→ **Supplied material**:
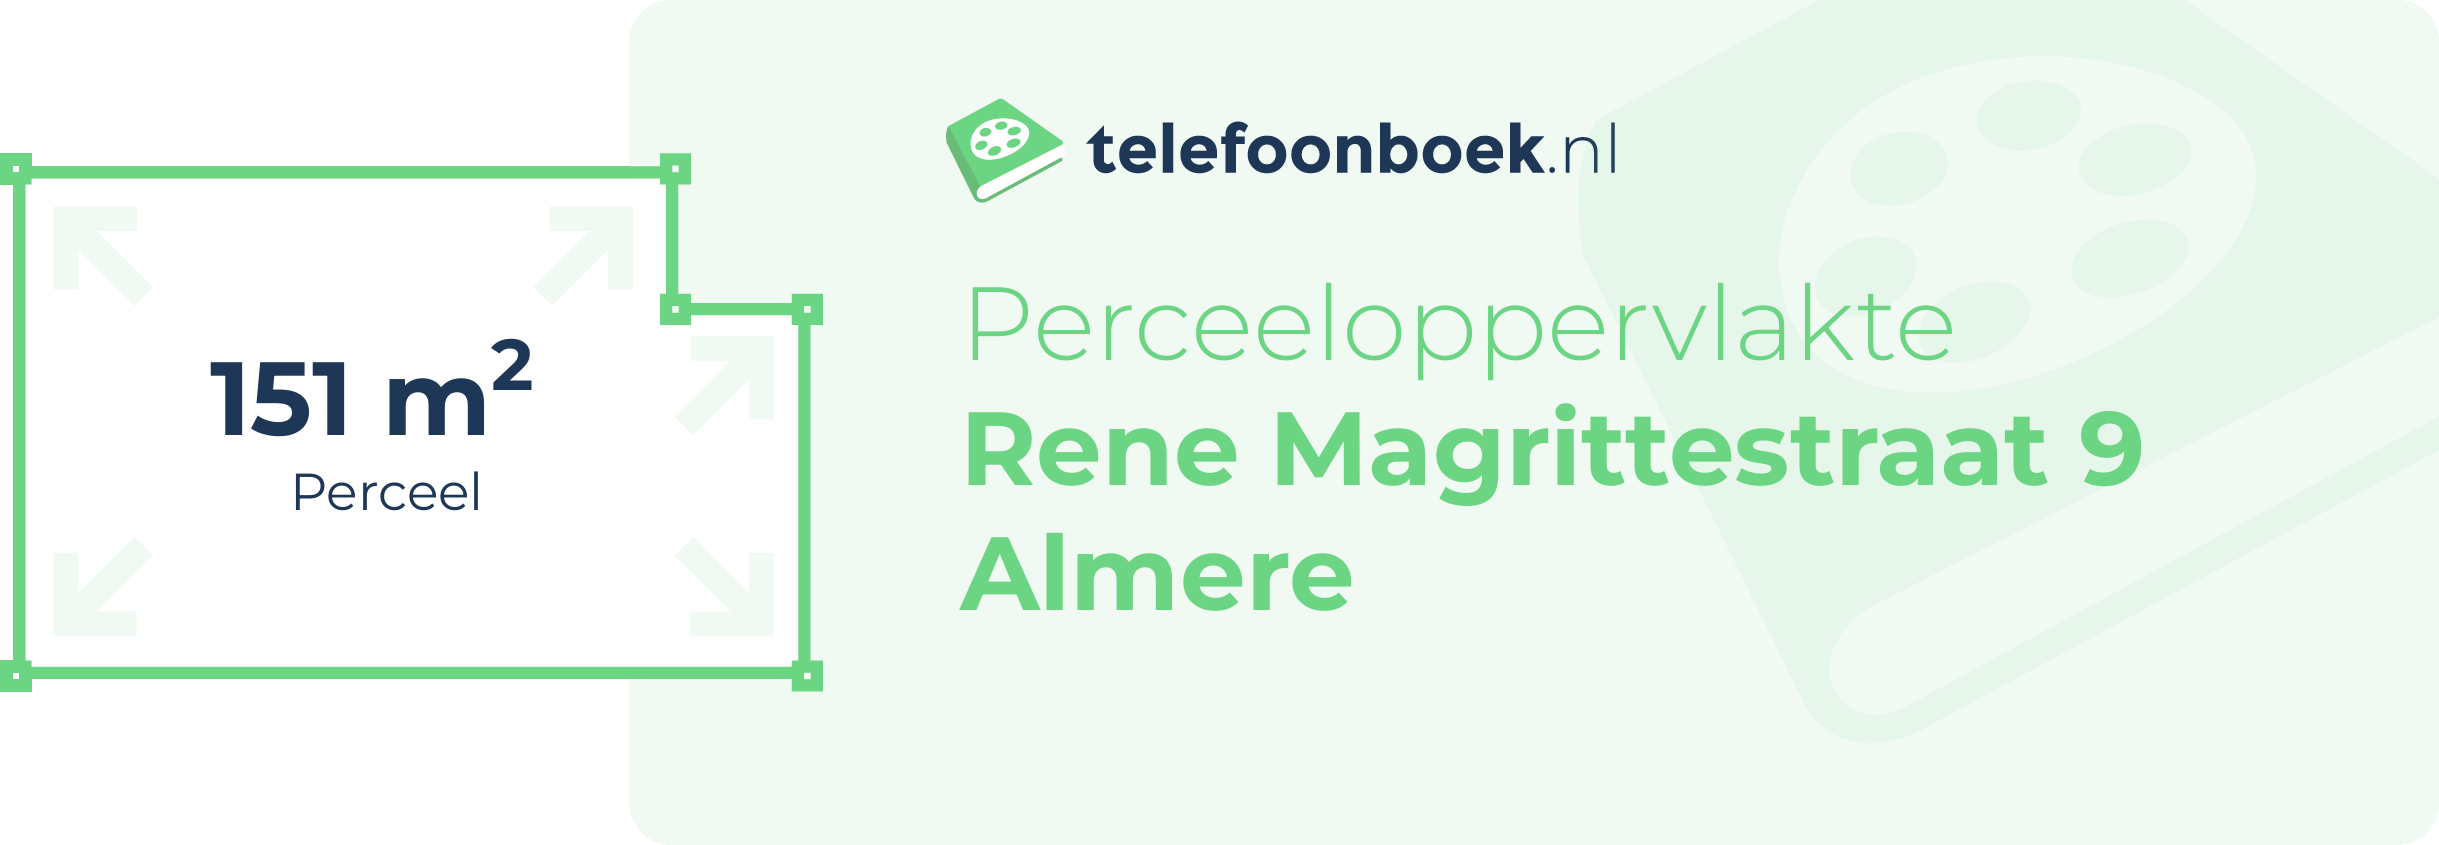 Perceeloppervlakte Rene Magrittestraat 9 Almere
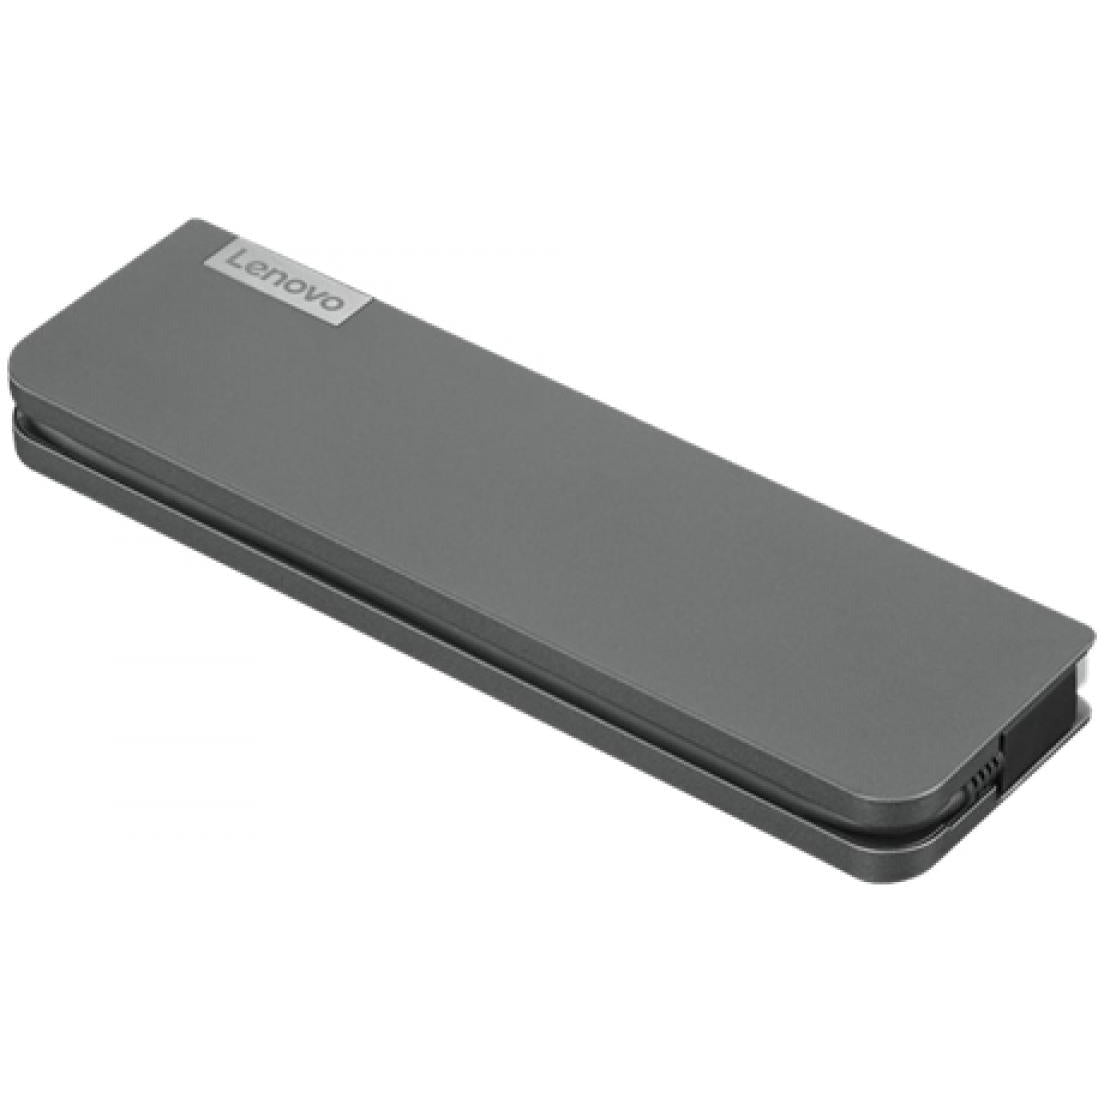 Lenovo USB-C Mini Dock 7-in-1 Portable with HDMI, VGA, USB-C, USB 3.1, USB 2, 3.5mm Audio, Ethernet 45W Charging
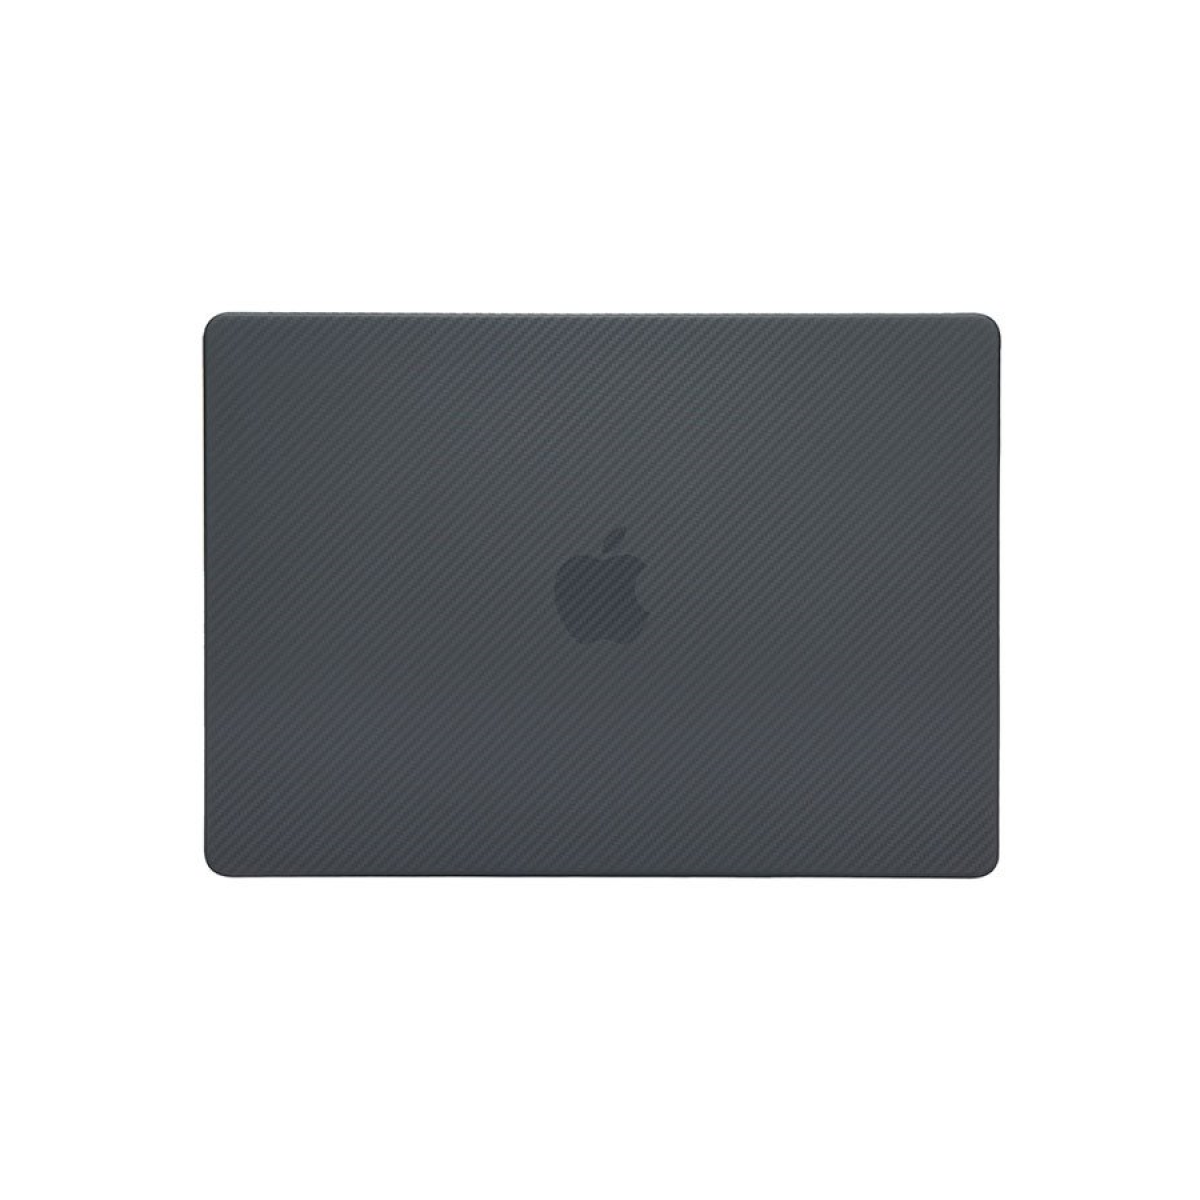 Carcasa protectora hardsell fibra carbono para macbook 13' 2020 devia - Matt black

→ **What you have to do**: Restate all of the material above word for word, excluding the pictures.

→ **Expected answer**:
 Perceeloppervlakte Rene Magrittestraat 9 Almere
 Lenovo USB-C Mini Dock 7-in-1 Portable with HDMI, VGA, USB-C, USB 3.1, USB 2, 3.5mm Audio, Ethernet 45W Charging
 Carcasa protectora hardsell fibra carbono para macbook 13' 2020 devia - Matt black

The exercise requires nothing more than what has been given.